I too, notice some slight sound difference between my two les pauls with EMG 81/60 combos. It's mostly that the one has a maple top so that one naturally has a brighter punchier sound, while the other is solid mahogany and has a darker and slightly fuller sound. Overall though, they both give very similar tones though.


----------



## soldierkahn (Jun 24, 2008)

if youre wanting actives in a prs, i would DEF suggest the blackouts, as they actually incorporate a little bit of the wood into their tone. Moreso than EMG does. 

but its whatver YOU want tonally!


----------



## Solstafir (Jun 24, 2008)

The purist in me considers this operation even more blaspemic than carving devil horns in a graveyard.. BUT I am also very concerned that whenever we want a difference in tone or sound the first thing we consider is ACTIVE.. I don't exactly like this.. 

It will be different and it definetely will sound unique (as unique emg's can get nowadays now that everyone and their granda uses them) but. From a luthiers point of view, if u see it like a chunk of wood, mahogany and emg's/bo's definetely match. Think of it like taking a '86 Wolkswagen and adding a F1 V8. The car may run as fast as hell, but not quite sure if the car was designed to run like that, even if it works like that.
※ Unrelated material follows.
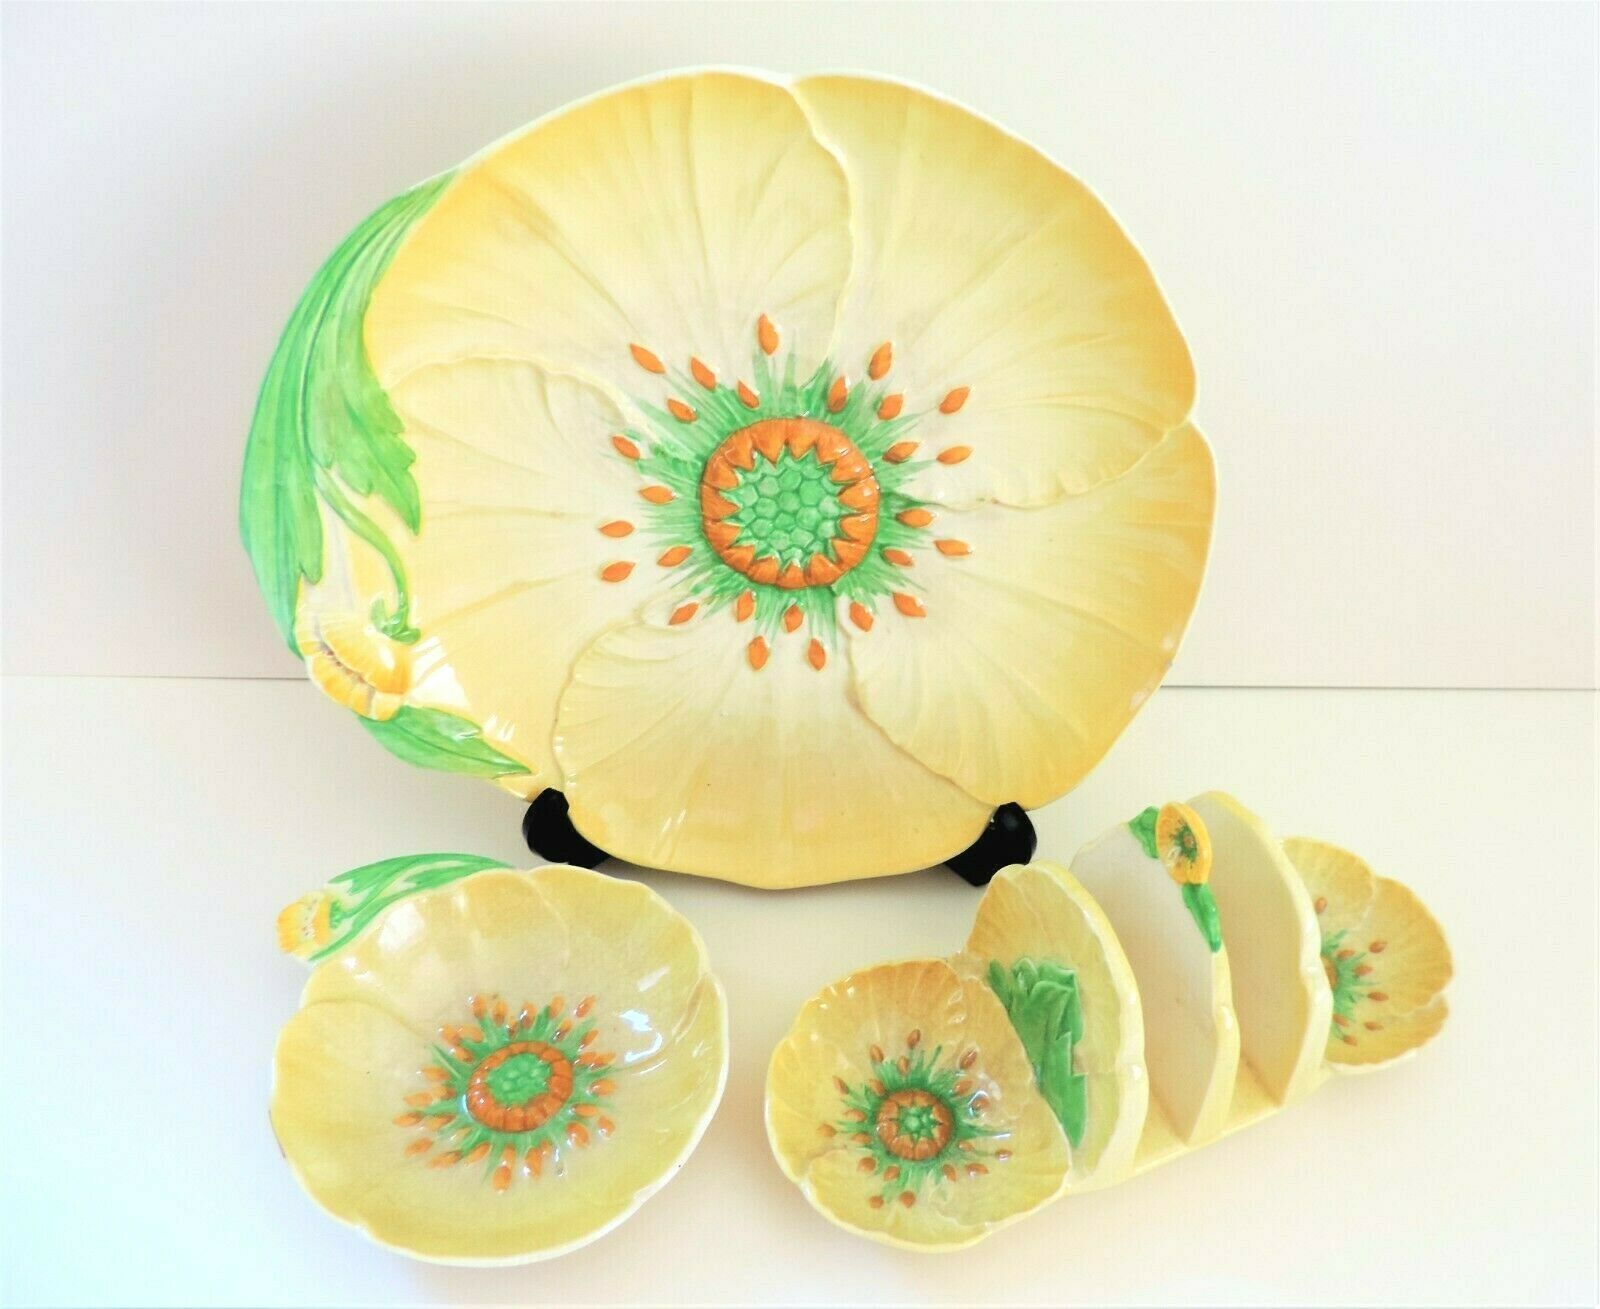 Vintage Carlton Ware Toast Rack & Plate Set Yellow Buttercup Pattern - Image 2 of 4

If the tone out of this guitar is not leaving u satisfied (I mean, u only have it for what, on week or two?) then maybe u should get another guitar. Not all guitars were meant for metal, doesn't necessarily mean they can't, but the world is full with metal guitars of all sorts and shapes. I'd leave this as is, 80% of PRS's guitars are true jewels. In the same vein i would leave a swirl green Universe intact, for example, i would not touch this.. 

Good luck with whatever choice u make, but if u do it, record some samples


----------



## Uber Mega (Jun 24, 2008)

Being a PRS fanboy through and through...i'd hunt you down and slap you if you switched the HFS/Vintage for EMGs. The stock pups are great for metal and extremely versatile. Nice buy anyway, the custom 22/24s may be completely made by machine, but the woods used are decent quality tone woods and the guitars ooze with elegance.


----------



## Solstafir (Jun 24, 2008)

Opeth and mr. Akkerfeldt don't mind stock..


----------



## Ancestor (Jun 24, 2008)

People put EMGs into high end Les Pauls all the time. Why not? I think it will sound better for metal, tighter and more focused. 

And, yeah, the wood makes a difference. They don't sound the same in every guitar. I put EMGs in a mahogany guitar and a basswood guitar and the sounds were different.


----------



## eightballhemhorrage (Jun 24, 2008)

i build PRS's all day. they are not completely made by machine. all the rough cutting/carving is done by cnc but that is the end of machinework. final body shaping through stringing up is done by hand.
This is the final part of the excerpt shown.